Unseasonably warm temperatures can raise the silt-laden water. There's a lot of snow yet to be melted in the high country. The high point of daily activity in the valley floor at this season might be when the ranch pickup dumps another morning load of hay for the appreciative herd of winter-range cattle.
The Cycle of Life
Clear spring water calls to anglers, too. And though water temperatures may perhaps be 3440 degrees Fahrenheit, life is beginning to stir in rivers and streams across the West. Both aquatic insects and trout are becoming more active with the increased daylight and its warming effects. An annual cycle is beginning, one that may be well known (or at least known in part) to the old and experienced yet seems an insurmountable riddle to a newcomer to the stream.

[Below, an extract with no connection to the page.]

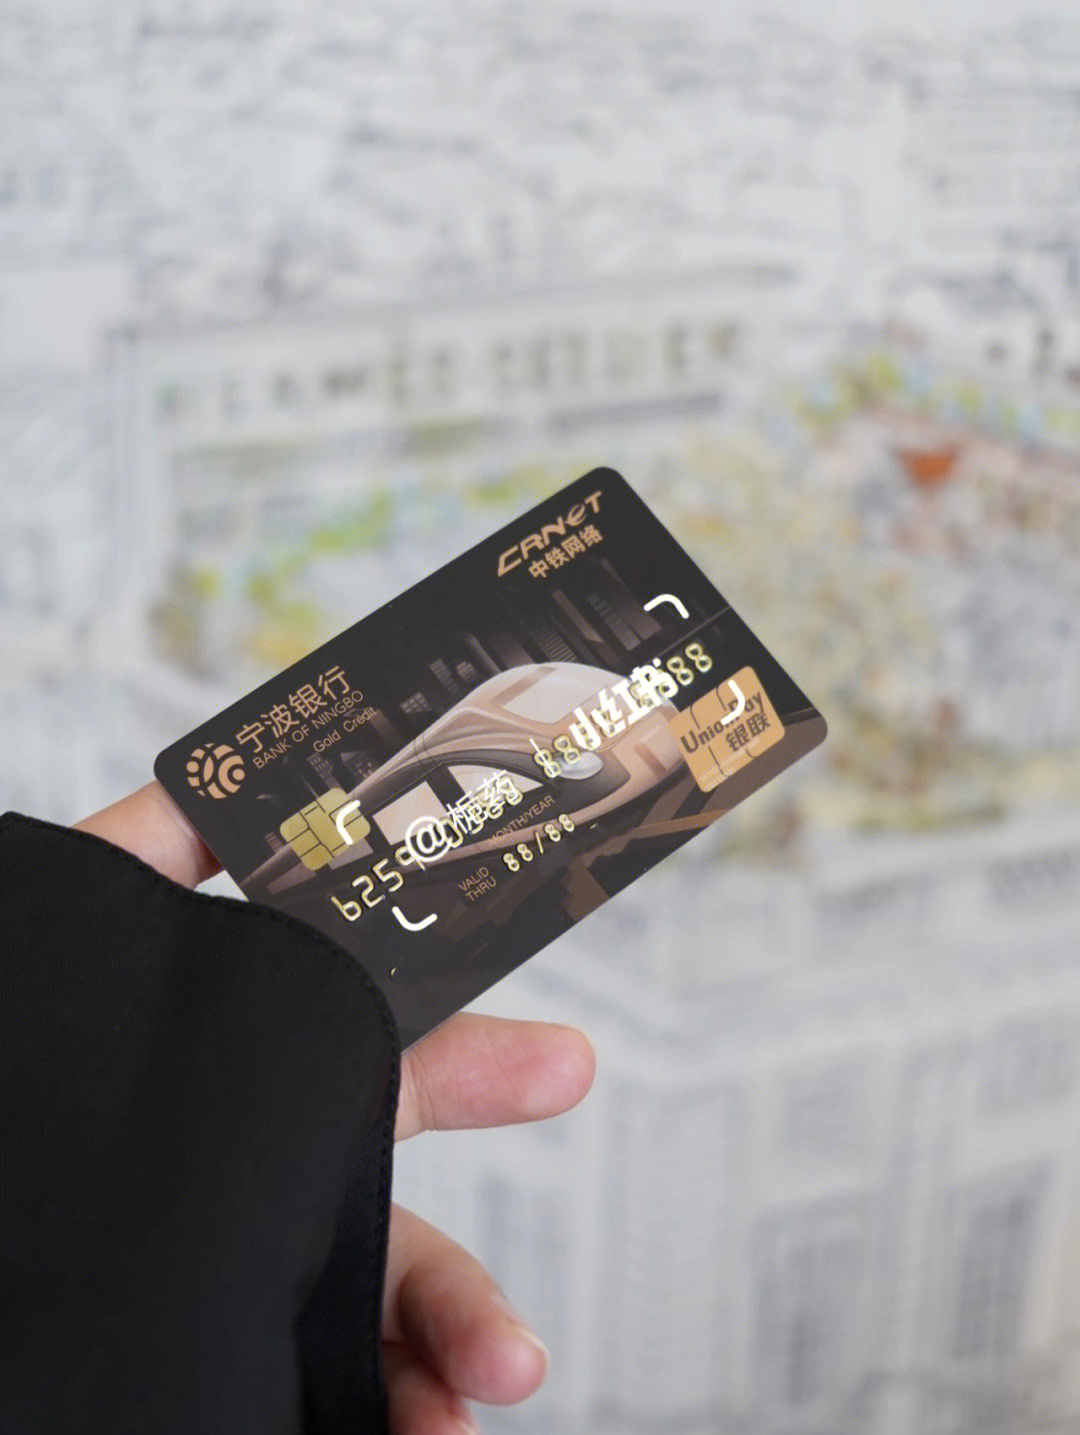 宁波银行借记卡种类图片

The shapes of trout become visible now, holding and flitting about in the elbow pools of small meadow streams. The riseforms of surface-feeding trout become more common on rich tailwater rivers and spring creeks, where spring comes a little sooner than it does on other types of water.
Midges proliferate, and Baetis mayflies will soon be hatching. Small winter and spring stoneflies cavort along the edges of swifter mountain streams, especially on sunny days when warming rays bathe riverside boulders. Trout rise to these, too. Yes, there's much to look forward to when winter rolls back and spring greets the Rockies.
Spring hatches are few, and they lack the diversity seen later on in summer. This makes things easier for anglers to figure out. What hatches there are can be very important to fishing success, especially if you like the sight of rising fish. There are spring days, though, when a hatch is on the water but nothing seems to be feeding on it, at least on top of the water. Perhaps it's good to start out on an easy footing. It will help prepare you for the bonanza of hatches that blossom in early summer.
For the angler who prefers above all else to find rising fish, the chart shows spring hatches will be those most likely to bring trout to the surface. Nothing animates a river scene or fires the imagination of an angler like the rings of rising trout spreading across a river's surface.